**EXERCISE**
Every line of the data below should be retyped exactly, with no images carried over.

**GIVEN DATA**
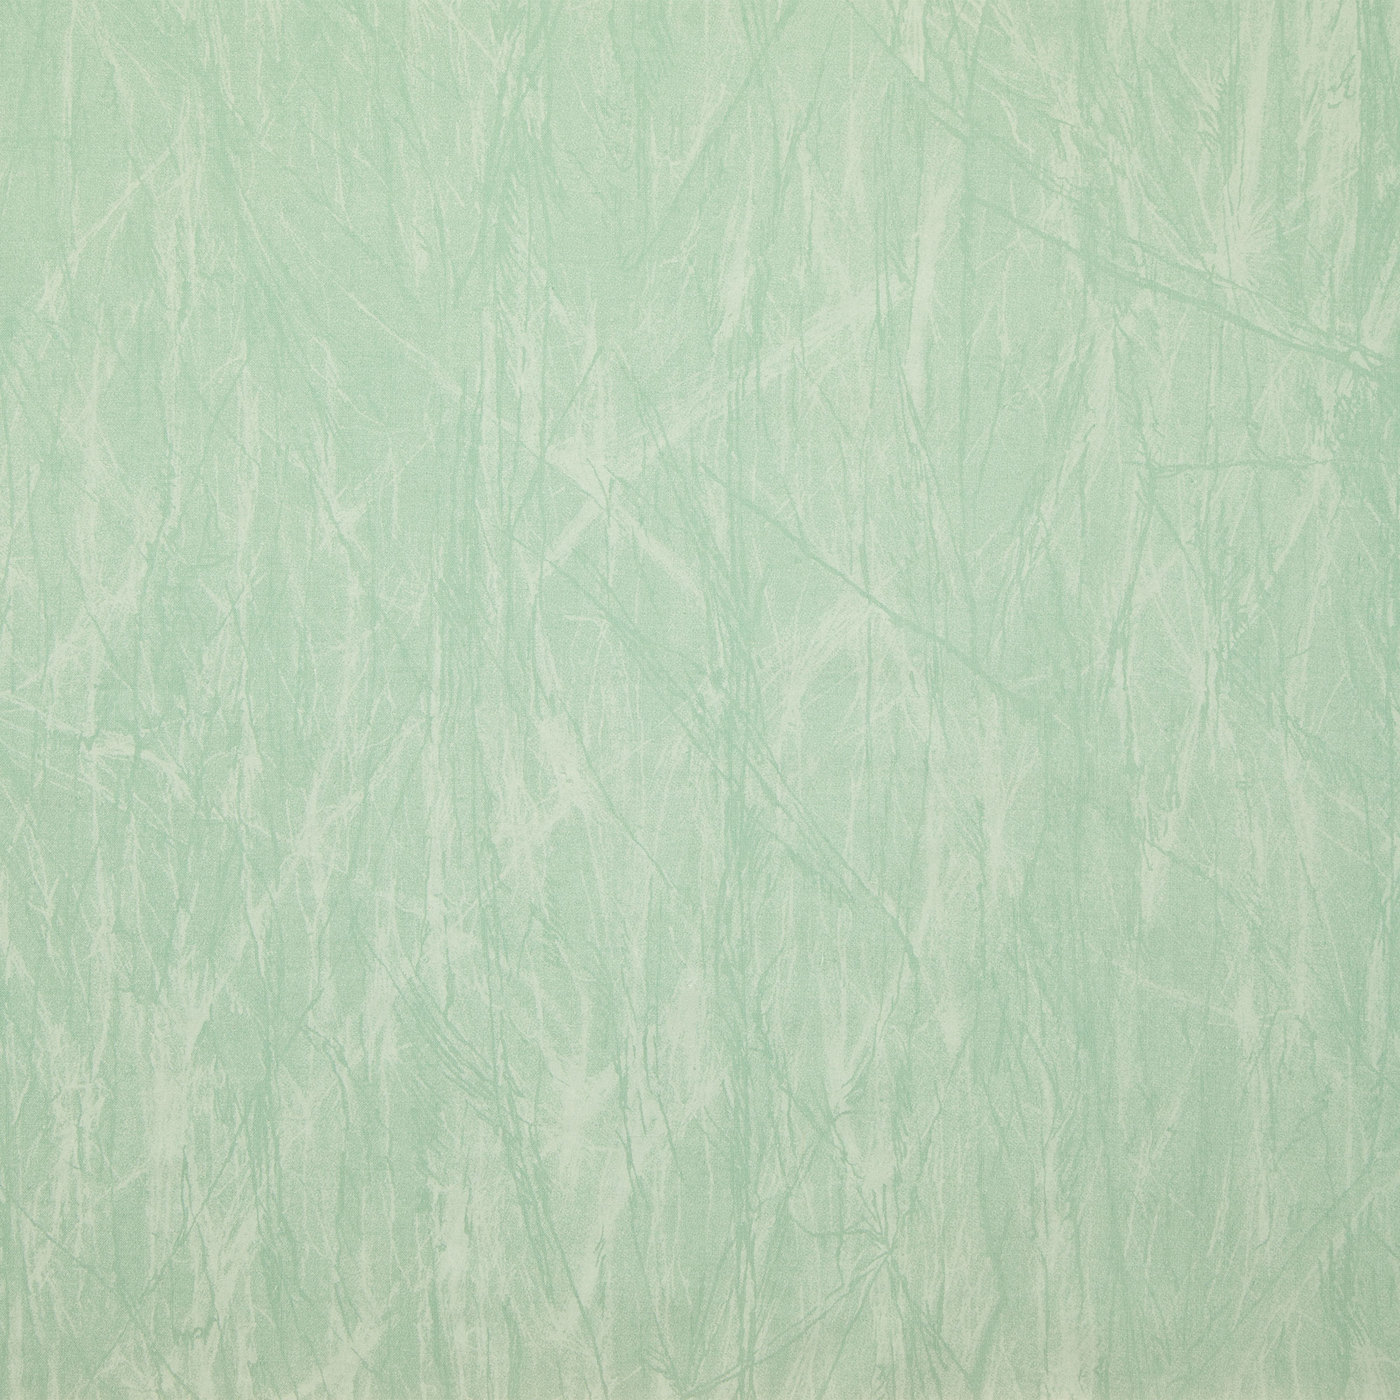 Seafoam Green Cracked Ice Cotton Calico Fabric
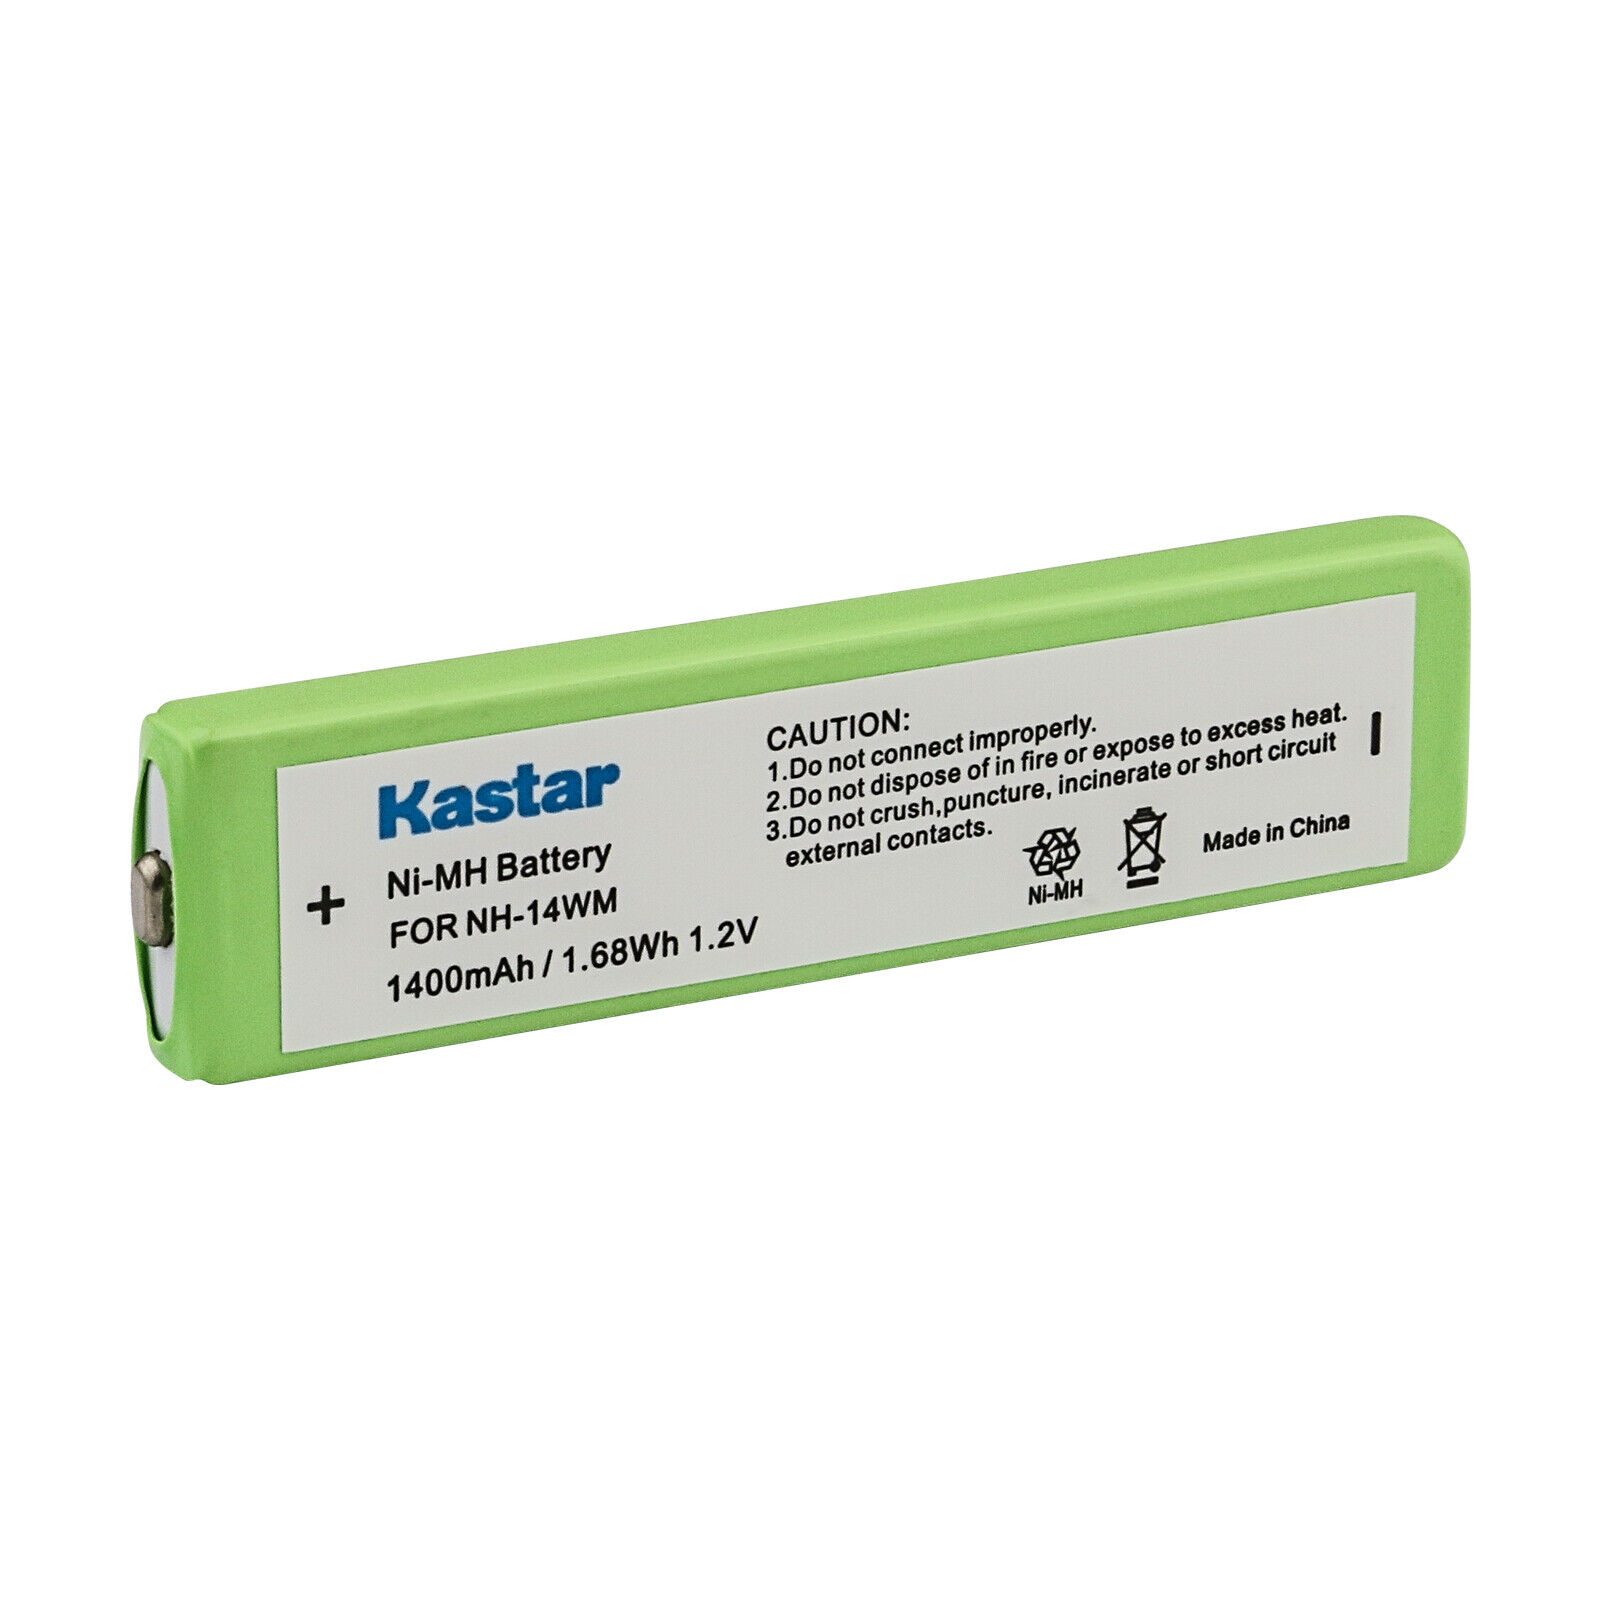 Kastar Gumstick Battery for Sony MZ-M10 MZ-M100 MZ-R900PC MZ-R900DPC CD/MD/MP3
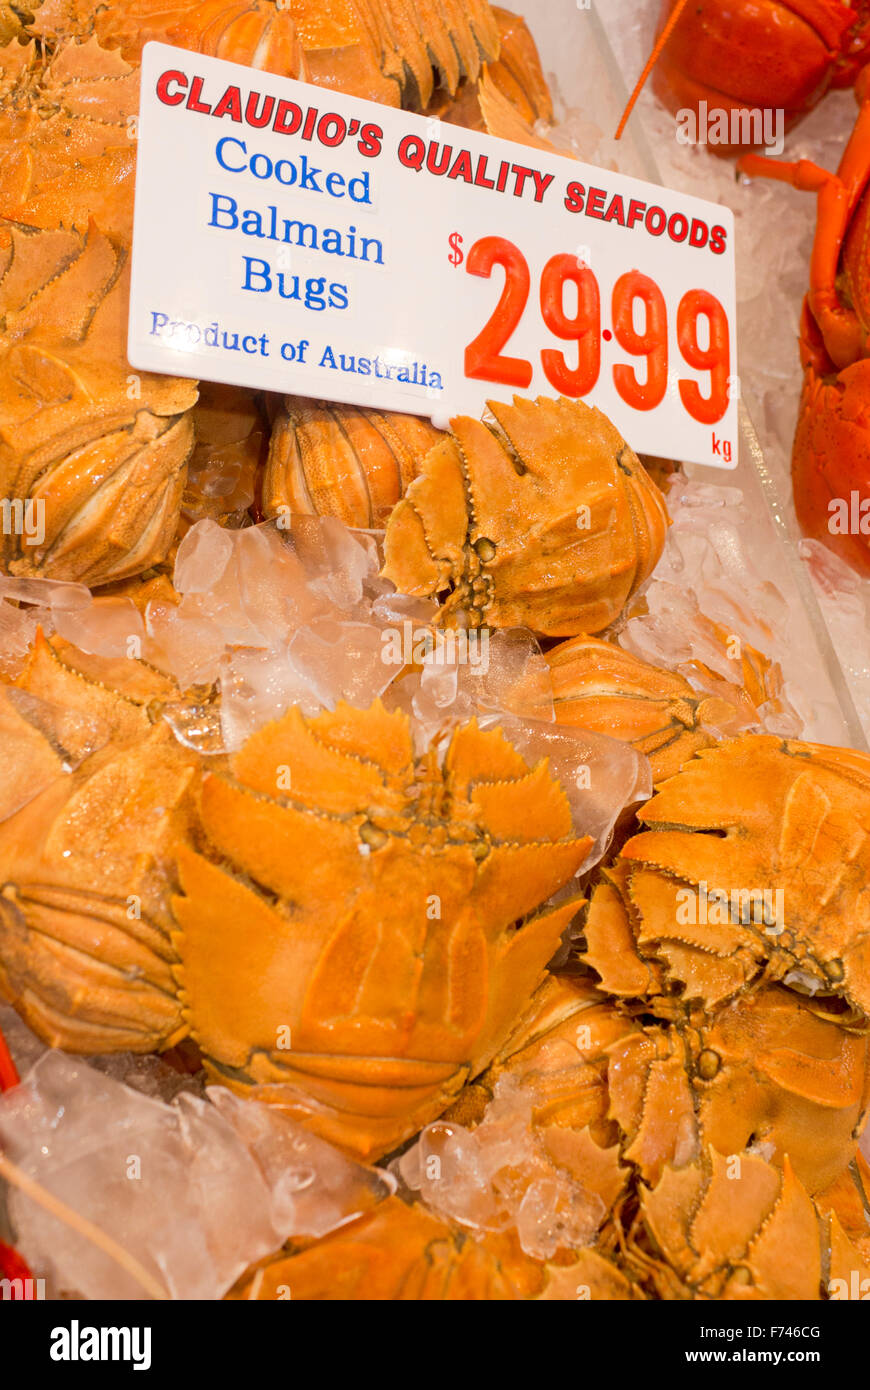 Balmain bugs for sale on stall at Sydney Fish Market NSW Australia Stock Photo

**EXPECTED ANSWER**
 Seafoam Green Cracked Ice Cotton Calico Fabric
 Kastar Gumstick Battery for Sony MZ-M10 MZ-M100 MZ-R900PC MZ-R900DPC CD/MD/MP3
 Balmain bugs for sale on stall at Sydney Fish Market NSW Australia Stock Photo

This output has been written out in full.